■ TRY IT
Search term "Children": copy each line of the records that contains it.

====== EXERCISE INPUT

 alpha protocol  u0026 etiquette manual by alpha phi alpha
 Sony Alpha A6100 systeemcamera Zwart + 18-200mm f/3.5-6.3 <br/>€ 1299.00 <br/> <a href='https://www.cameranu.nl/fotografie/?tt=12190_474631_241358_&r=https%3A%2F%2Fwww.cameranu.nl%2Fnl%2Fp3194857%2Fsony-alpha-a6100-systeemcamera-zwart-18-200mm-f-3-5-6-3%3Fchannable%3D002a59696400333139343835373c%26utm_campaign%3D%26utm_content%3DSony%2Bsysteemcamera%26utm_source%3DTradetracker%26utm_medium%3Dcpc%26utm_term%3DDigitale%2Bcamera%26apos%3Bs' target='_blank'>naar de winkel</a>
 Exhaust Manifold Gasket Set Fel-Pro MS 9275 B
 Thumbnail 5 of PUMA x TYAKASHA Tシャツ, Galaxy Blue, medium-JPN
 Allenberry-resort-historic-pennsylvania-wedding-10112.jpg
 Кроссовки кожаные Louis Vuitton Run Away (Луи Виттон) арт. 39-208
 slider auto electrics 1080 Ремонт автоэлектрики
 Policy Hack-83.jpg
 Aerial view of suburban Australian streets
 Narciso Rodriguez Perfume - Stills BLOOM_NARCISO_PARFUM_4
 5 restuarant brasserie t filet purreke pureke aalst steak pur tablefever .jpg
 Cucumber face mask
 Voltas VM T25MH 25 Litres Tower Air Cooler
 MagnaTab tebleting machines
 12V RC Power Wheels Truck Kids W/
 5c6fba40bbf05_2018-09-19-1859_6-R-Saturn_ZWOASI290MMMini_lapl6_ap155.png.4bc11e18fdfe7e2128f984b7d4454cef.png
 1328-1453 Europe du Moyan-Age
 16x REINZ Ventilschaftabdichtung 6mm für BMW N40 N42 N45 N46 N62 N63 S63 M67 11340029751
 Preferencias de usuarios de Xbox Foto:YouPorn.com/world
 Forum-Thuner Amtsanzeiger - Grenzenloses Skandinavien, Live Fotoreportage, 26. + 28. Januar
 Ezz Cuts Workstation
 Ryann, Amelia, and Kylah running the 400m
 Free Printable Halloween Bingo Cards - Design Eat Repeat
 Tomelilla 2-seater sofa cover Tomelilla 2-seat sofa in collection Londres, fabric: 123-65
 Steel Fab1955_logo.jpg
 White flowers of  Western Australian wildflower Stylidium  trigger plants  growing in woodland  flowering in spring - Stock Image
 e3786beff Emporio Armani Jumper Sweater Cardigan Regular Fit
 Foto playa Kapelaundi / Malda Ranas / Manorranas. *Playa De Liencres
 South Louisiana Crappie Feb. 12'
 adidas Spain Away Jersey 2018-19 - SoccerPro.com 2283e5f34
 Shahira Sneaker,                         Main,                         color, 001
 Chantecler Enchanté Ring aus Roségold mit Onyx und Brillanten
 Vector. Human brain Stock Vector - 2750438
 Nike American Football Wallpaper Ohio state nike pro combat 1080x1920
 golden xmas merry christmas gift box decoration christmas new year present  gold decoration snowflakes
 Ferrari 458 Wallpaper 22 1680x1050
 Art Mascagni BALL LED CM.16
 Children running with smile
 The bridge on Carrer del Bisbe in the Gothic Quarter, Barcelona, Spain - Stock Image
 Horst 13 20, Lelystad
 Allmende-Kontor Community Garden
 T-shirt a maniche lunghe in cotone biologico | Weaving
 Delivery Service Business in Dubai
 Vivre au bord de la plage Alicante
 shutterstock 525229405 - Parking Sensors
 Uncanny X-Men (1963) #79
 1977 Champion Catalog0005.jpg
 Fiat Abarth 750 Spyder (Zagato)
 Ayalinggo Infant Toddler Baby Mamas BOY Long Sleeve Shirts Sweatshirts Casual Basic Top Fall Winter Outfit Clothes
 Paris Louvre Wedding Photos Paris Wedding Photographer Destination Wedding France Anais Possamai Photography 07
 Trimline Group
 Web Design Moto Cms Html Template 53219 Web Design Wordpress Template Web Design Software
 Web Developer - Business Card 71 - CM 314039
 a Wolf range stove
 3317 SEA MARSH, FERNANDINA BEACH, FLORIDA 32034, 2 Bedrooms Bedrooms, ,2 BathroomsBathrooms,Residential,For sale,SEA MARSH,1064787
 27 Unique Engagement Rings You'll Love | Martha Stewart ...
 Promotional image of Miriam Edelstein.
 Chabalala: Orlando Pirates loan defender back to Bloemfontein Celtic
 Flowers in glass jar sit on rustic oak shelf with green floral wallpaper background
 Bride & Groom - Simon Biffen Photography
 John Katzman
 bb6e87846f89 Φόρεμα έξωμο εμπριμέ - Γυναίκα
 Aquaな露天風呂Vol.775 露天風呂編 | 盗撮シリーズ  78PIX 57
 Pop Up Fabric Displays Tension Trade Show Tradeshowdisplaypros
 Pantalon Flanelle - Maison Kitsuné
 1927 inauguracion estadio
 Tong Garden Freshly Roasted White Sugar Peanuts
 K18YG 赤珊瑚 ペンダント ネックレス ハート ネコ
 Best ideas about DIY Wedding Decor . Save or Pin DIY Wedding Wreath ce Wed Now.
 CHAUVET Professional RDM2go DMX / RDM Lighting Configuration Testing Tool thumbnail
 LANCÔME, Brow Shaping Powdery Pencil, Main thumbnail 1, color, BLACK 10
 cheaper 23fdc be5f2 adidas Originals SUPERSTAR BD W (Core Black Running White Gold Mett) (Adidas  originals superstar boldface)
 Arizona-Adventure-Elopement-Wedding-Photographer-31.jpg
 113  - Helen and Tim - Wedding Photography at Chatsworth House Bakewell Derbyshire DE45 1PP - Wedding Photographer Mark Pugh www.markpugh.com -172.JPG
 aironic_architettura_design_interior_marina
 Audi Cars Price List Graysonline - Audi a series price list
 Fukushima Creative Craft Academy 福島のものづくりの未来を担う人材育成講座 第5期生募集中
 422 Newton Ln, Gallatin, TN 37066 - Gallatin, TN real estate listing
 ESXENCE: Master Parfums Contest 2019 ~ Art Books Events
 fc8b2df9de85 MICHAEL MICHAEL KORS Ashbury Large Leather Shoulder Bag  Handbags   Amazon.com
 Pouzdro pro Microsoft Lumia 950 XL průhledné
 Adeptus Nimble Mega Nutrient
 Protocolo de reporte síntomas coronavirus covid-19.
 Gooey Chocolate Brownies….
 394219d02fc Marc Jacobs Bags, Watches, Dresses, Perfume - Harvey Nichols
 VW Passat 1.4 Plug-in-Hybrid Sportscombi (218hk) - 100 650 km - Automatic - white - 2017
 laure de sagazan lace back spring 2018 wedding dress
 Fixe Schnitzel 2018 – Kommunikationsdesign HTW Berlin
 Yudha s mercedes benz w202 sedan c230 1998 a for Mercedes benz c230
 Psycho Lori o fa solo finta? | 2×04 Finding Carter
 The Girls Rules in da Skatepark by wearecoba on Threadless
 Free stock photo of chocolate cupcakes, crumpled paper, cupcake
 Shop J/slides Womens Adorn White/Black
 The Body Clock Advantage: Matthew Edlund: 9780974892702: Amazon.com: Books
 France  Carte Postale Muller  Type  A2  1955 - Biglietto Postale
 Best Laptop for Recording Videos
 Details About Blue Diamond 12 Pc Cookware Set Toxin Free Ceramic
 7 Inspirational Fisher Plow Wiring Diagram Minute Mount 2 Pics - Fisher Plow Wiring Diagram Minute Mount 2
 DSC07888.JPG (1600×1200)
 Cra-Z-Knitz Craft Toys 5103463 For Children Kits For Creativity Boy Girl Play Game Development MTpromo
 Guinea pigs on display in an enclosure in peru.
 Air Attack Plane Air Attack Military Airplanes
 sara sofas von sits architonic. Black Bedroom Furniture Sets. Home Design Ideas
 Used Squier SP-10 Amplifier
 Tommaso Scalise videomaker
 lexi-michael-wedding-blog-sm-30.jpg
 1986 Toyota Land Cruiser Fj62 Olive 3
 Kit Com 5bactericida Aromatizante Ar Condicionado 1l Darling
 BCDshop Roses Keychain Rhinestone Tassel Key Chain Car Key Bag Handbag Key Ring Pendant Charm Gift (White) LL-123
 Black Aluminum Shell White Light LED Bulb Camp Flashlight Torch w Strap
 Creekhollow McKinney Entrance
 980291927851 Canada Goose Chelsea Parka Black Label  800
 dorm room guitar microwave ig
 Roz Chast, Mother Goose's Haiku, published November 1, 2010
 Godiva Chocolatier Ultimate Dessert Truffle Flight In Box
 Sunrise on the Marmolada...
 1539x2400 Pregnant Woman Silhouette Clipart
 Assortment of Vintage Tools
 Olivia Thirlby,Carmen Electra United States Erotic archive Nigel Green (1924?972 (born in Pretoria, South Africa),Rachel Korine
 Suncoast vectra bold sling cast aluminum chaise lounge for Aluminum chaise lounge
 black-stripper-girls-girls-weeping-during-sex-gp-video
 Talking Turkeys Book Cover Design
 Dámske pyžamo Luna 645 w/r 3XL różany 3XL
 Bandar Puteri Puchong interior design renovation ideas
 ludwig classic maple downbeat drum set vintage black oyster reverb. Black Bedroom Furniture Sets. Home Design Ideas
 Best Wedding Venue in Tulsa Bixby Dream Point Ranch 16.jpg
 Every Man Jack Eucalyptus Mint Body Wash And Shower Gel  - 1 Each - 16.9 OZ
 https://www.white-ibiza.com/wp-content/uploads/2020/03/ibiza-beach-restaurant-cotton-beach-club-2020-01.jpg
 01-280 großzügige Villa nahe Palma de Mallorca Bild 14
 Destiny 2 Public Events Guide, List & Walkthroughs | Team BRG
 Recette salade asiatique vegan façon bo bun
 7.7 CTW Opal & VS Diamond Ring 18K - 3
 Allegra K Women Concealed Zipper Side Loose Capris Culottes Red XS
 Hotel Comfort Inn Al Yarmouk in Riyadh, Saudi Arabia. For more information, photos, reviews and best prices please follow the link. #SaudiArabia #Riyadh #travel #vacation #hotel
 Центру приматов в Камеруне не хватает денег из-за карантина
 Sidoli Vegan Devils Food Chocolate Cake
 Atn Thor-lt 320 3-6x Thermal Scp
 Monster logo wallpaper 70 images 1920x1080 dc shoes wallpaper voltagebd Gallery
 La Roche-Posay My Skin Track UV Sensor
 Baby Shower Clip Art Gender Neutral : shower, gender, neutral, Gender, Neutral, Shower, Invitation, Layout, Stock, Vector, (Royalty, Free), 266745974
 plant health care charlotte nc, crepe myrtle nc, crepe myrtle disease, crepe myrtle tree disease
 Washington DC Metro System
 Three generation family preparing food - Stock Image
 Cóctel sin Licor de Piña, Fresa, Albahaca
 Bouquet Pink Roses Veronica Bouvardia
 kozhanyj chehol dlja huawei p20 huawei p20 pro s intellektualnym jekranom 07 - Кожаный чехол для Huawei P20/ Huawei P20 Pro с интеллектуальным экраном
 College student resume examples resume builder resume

============

■ SOLUTION
 Children running with smile
 Cra-Z-Knitz Craft Toys 5103463 For Children Kits For Creativity Boy Girl Play Game Development MTpromo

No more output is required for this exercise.